Und zwar auch, nachdem der Bericht für die allgemeine Öffentlichkeit
zugänglich gemacht worden war. Es stellte sich daher schon gar nicht
als kursrelevante Tatsache dar.
    
    Die Deutsche Bank stellte Nachforschungen darüber an, ob die ihr
angebotenen Aktien aus dem Voicestream-Verkauf stammten und somit der
Sperrfrist unterlagen. Sie erhielt von der US amerikanischen
Börsenaufsicht SEC zertifiziert die Antwort, dass dies nicht der Fall
war.
    
    Die Deutsche Bank wurde mit Hutchison dergestalt handelseinig,
dass die Deutsche Bank 35 Mio. Aktien der Deutschen Telekom auf
Termin, nämlich in einem Jahr erwarb (Forward) und zusätzlich eine
Option auf weitere 9 Mio. Aktien. Insgesamt konnte die deutsche Bank
damit über 44 Mio. Aktien verfügen. Nun trat die Deutsche Bank
ihrerseits außerbörslich (!) an mehrere Marktteilnehmer heran und bot
ein Paket von 44 Mio. Aktien der Telekom zum Verkauf an. Wohlgemerkt
fand dieser Paketverkauf (Blocktrade) außerhalb der Börse statt, so
dass der Kursverfall in den nächsten Tagen nicht durch das Handeln
der Deutschen Bank ausgelöst wurde. Die Verkaufspakete, die in den
Folgetagen in den Markt gegeben wurden, können nicht von der
Deutschen Bank gewesen sein, weil der Handel des 35 Millionenpaketes
außerbörslich bereits abgewickelt worden war. Die Kleinanleger dürfen
sich also bei "anderen kapitalstarken Marktteilnehmern" bedanken.
Doch bei wem?
    
    Unisono meldete die Presse, die Deutsche Bank habe sich von 44
Mio. Aktien getrennt. Diese Zahl taucht sowohl im Angebot von
Hutchison als auch in dem der Deutschen Bank auf, mit dem sie sich an
andere Marktteilnehmer wandte. Was die jeweils nicht zum Zuge
gekommenen dagegen nicht wissen konnten: Tatsächlich veräußerte die
Deutsche Bank nur 35 Mio. Aktien an ihren Handelspartner. Damit
dürfte feststehen, dass der Marktteilnehmer, der mit seinen
Informationen über das angeblich skandalöse Verhalten der Deutschen
Bank an die Presse herangetreten ist, aus dem Kreis der jeweils nicht
zum Zuge gekommenen "kapitalstarken Marktteilnehmer" stammen muss.
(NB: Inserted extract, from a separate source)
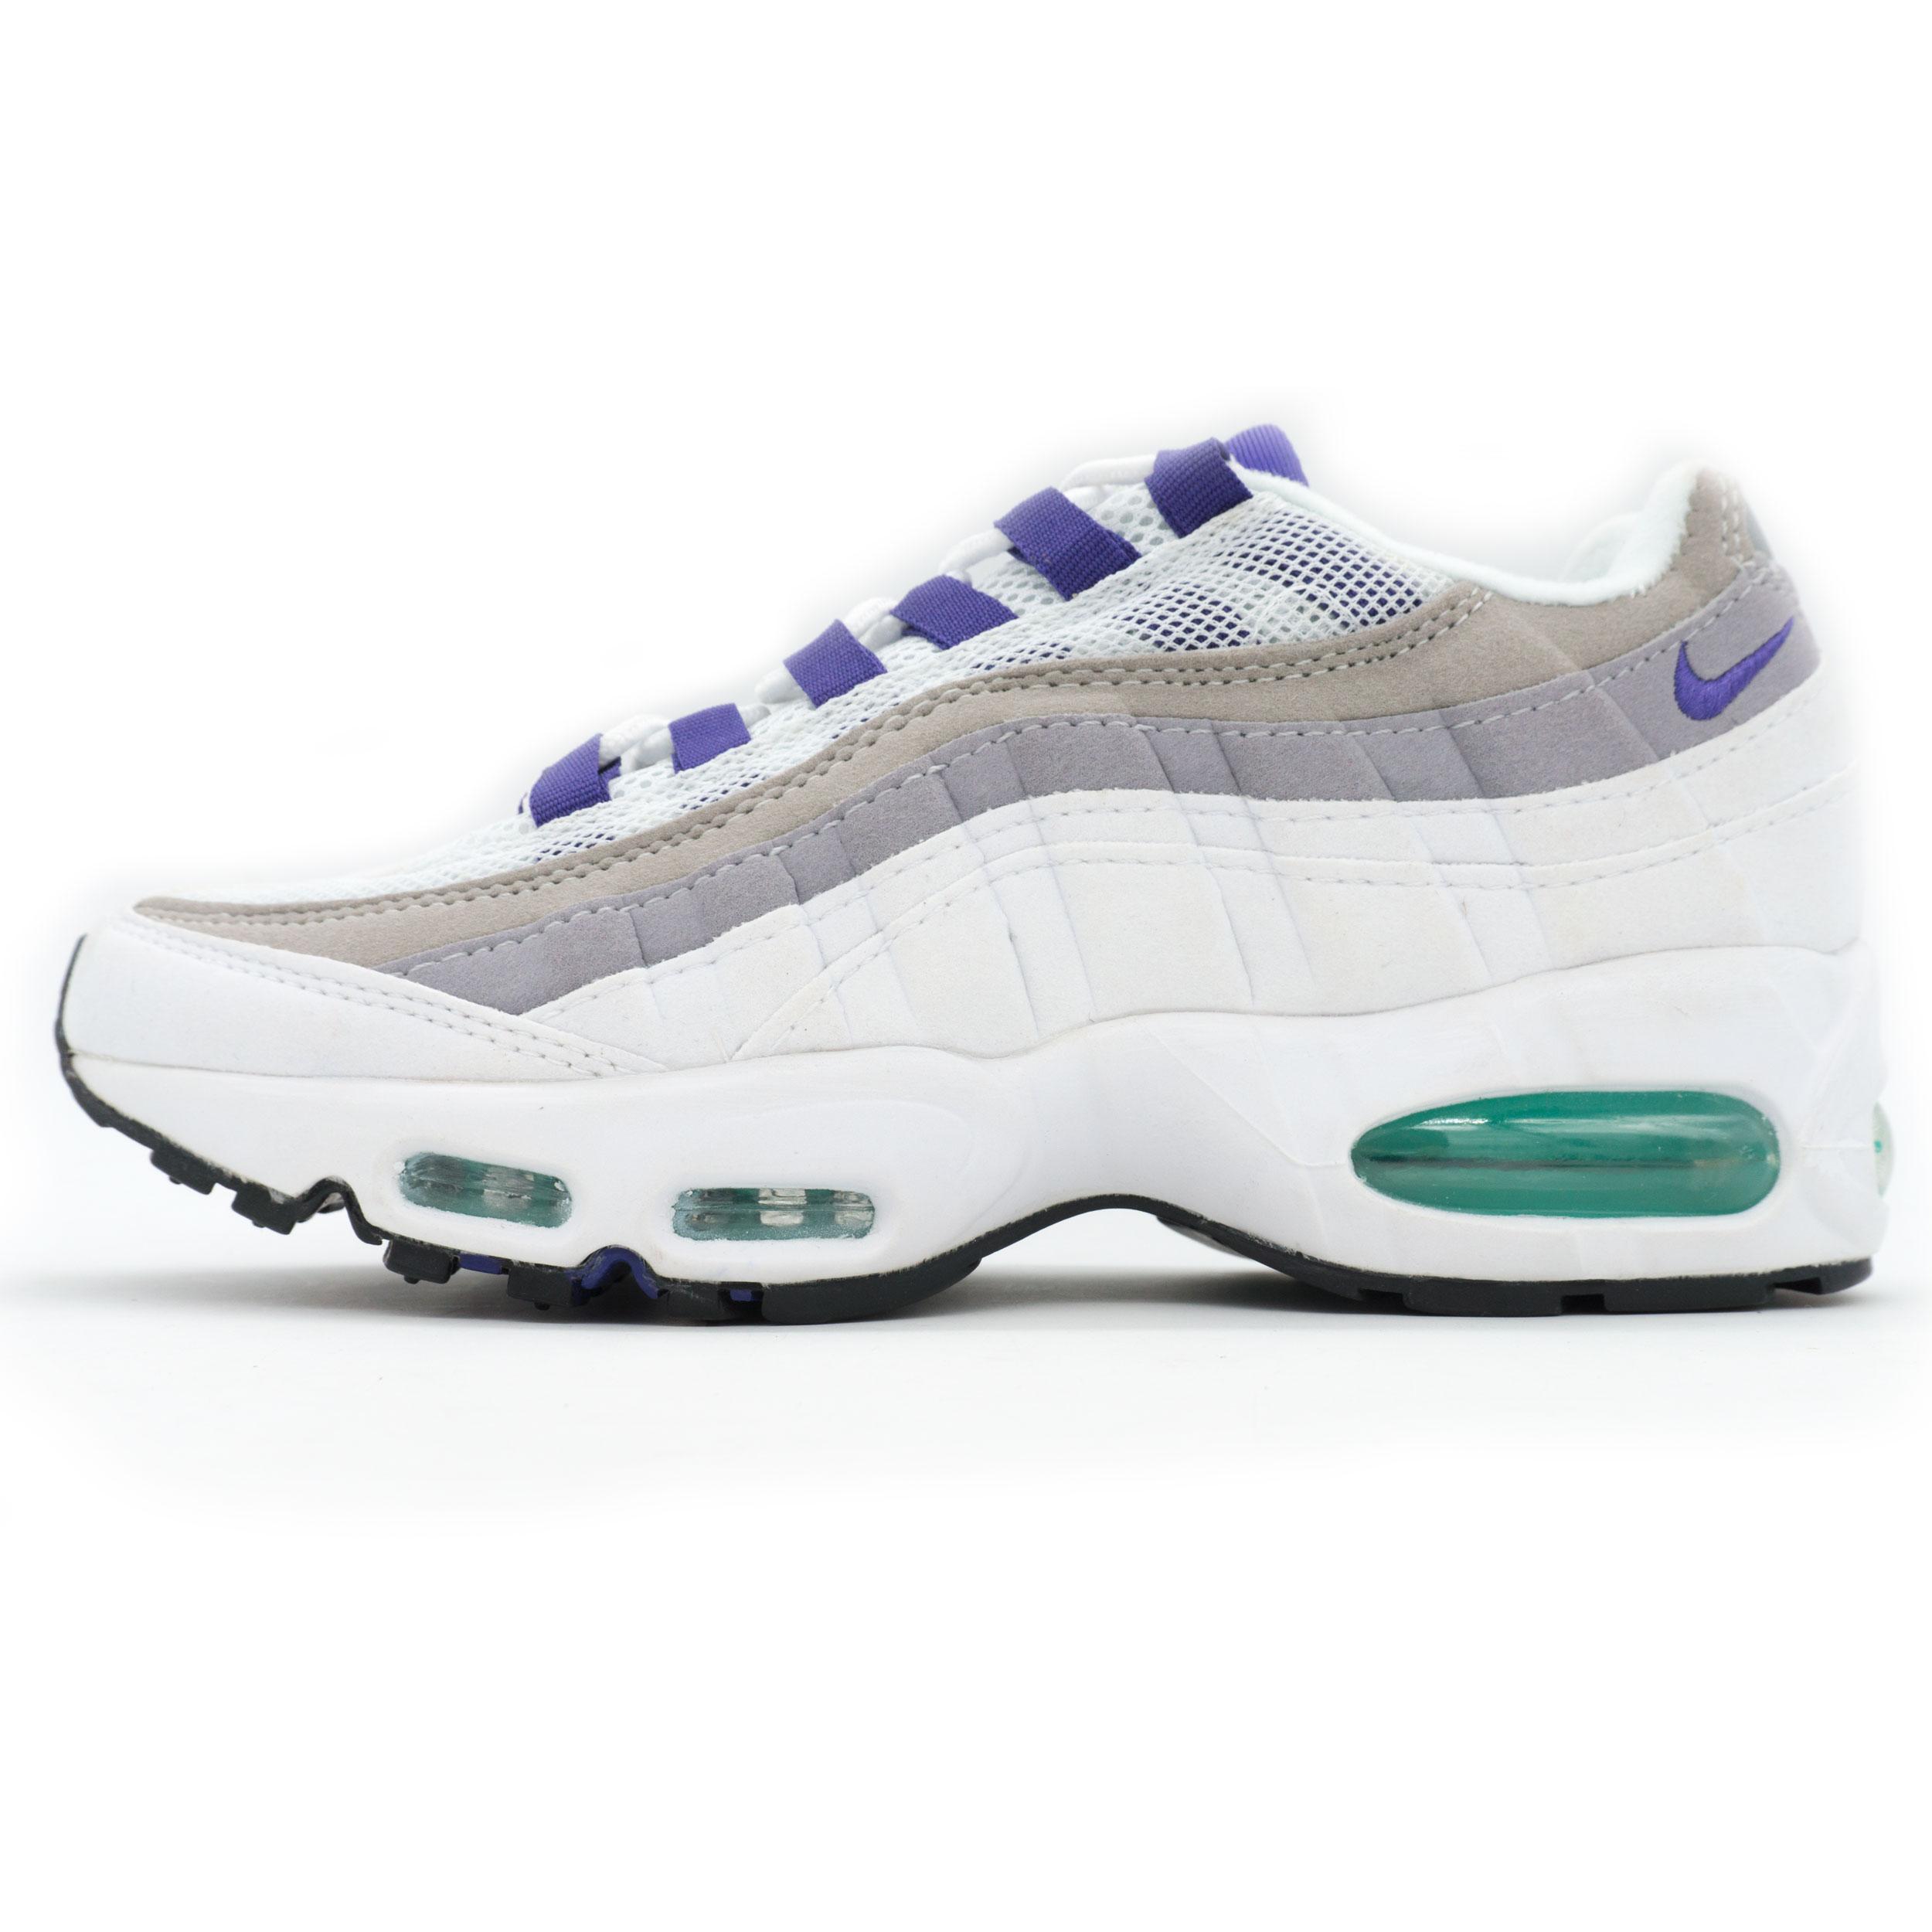 8331170ea153 Женские кроссовки Nike air max 95, купить бело-серо-фиолетовые аир ...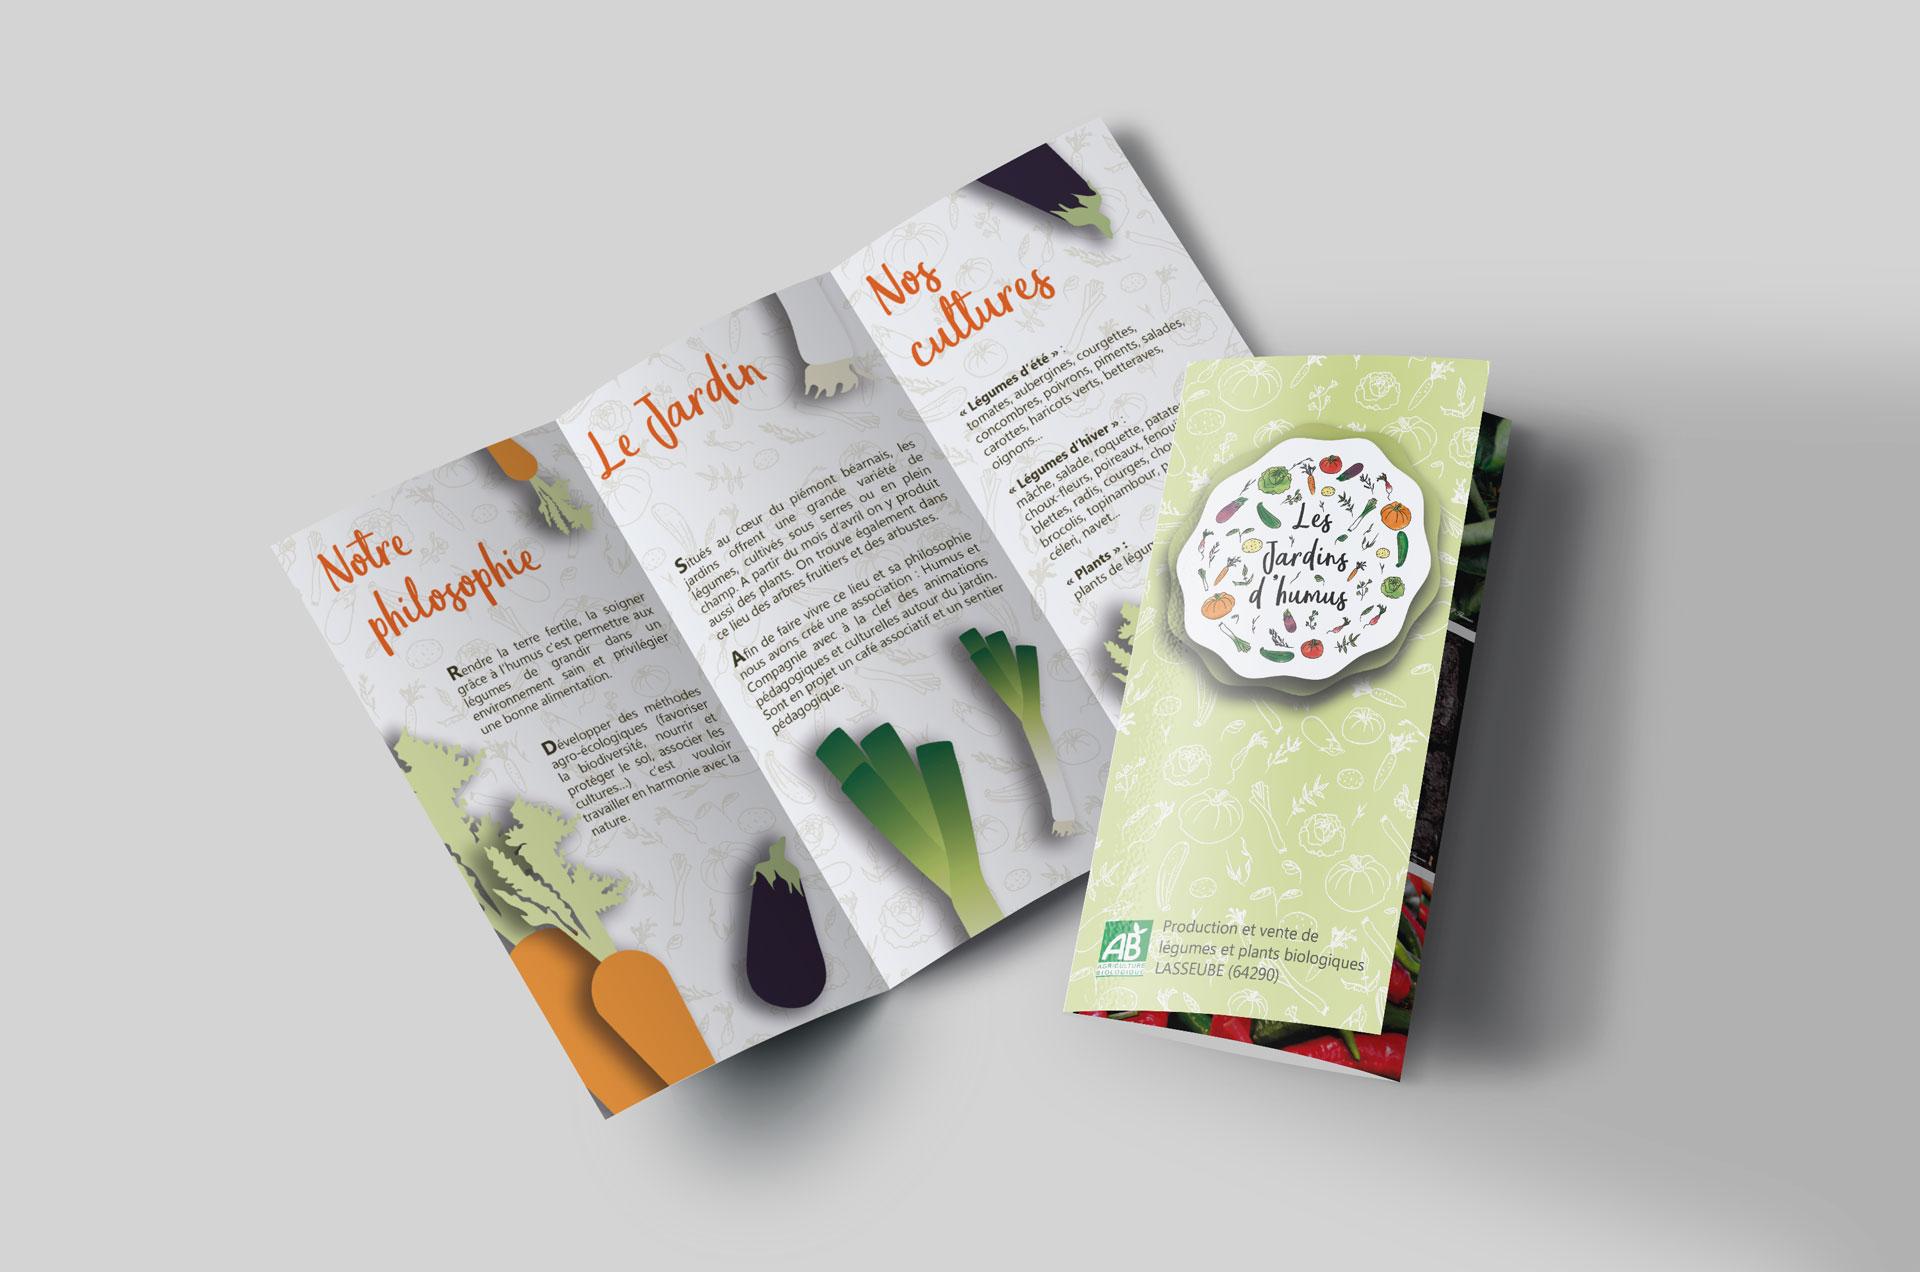 plaquette publicitaire avec légumes

Dieser Marktteilnehmer löste mit seinen Falschinformationen, die
Deutsche Bank werde 44 Mio. Aktien auf den Markt werfen und damit
einen Kurssturz auslösen, eben diesen Kurssturz aus. Denn aus Angst
vor den angeblich drohenden Folgen trennten sich nun auch viele
Kleinanleger schnellstmöglich von den Papieren der Telekom. Gegen
diesen Marktteilnehmer ermittelt die Börsenaufsicht wegen des
Verdachts auf Kursmanipulation, wie BoerseGo.de versichert wurde.